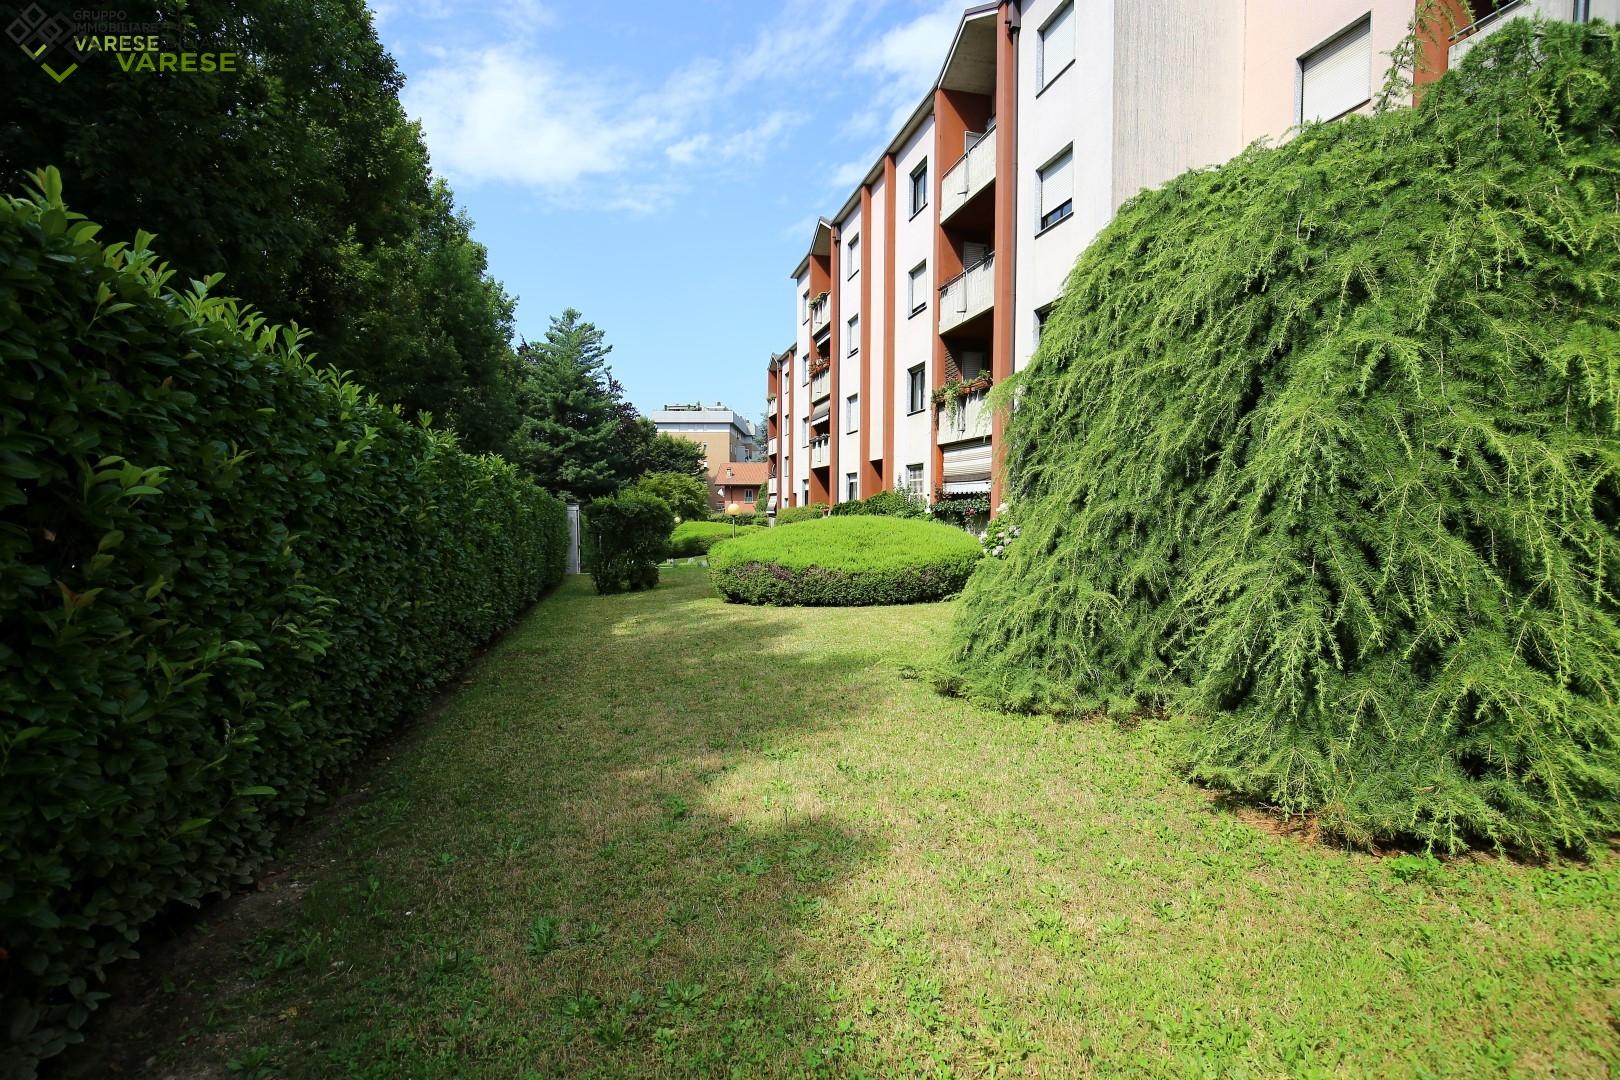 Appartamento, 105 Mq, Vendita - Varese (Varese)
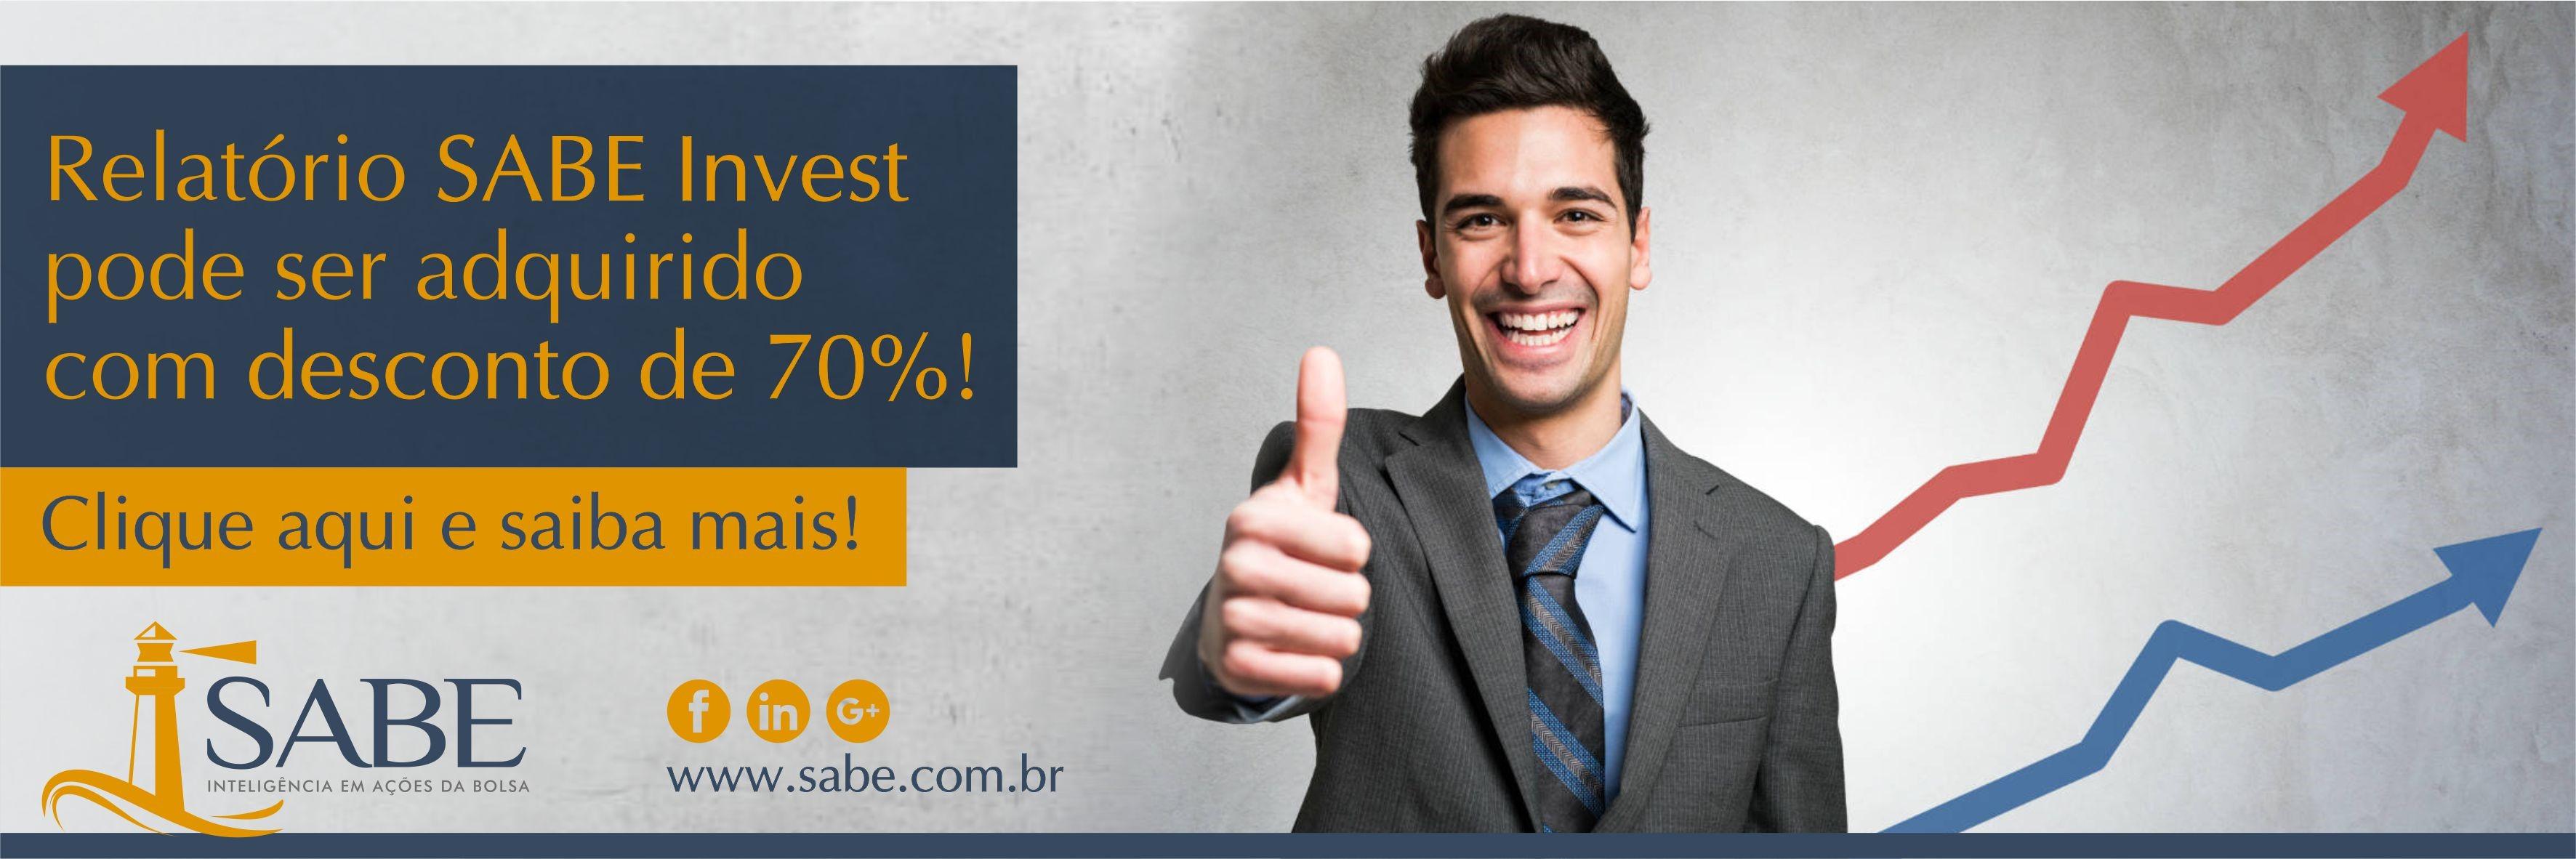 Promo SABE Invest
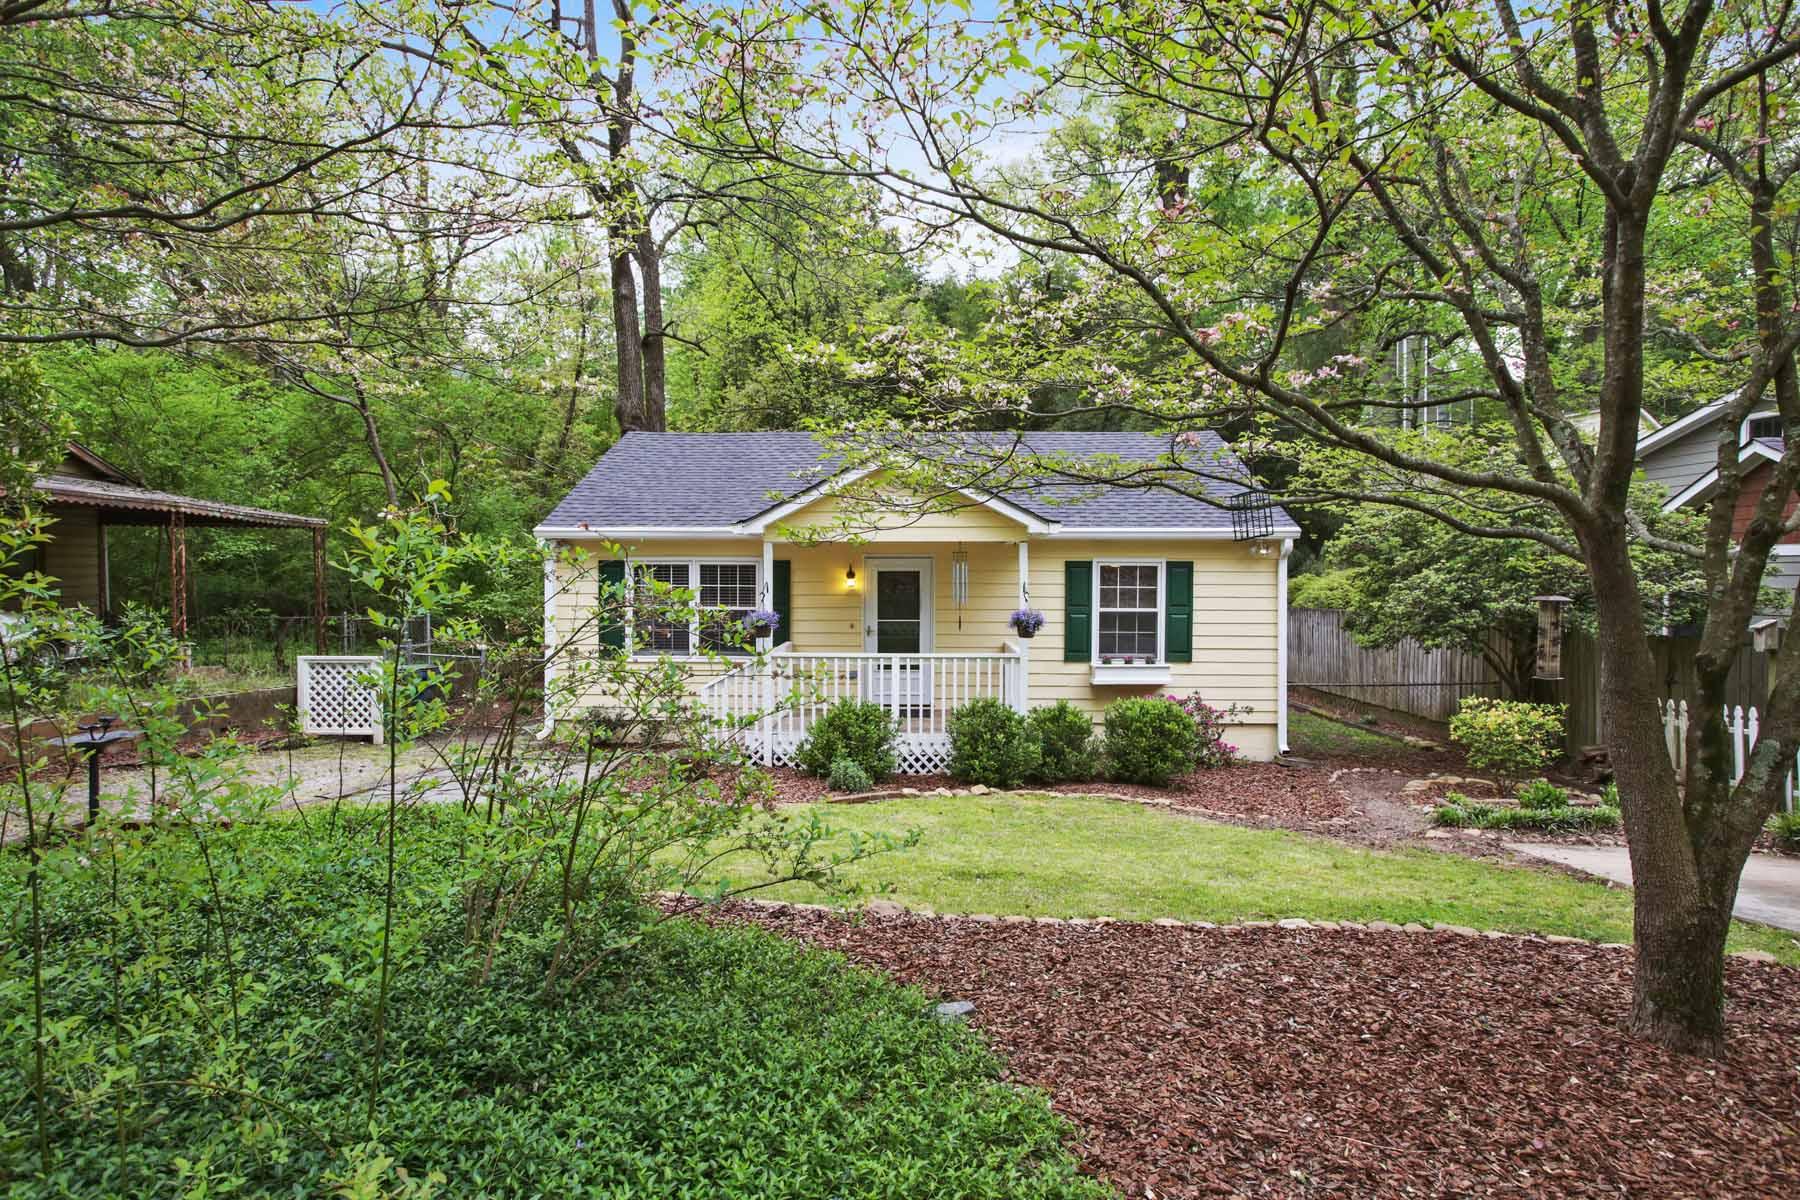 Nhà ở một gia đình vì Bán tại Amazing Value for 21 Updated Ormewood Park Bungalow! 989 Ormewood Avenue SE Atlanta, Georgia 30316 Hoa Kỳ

+++

The task requires the full listing to be given again verbatim, without its pictures.

 Appartamento, 105 Mq, Vendita - Varese (Varese)
 Promo SABE Invest
 Nhà ở một gia đình vì Bán tại Amazing Value for 21 Updated Ormewood Park Bungalow! 989 Ormewood Avenue SE Atlanta, Georgia 30316 Hoa Kỳ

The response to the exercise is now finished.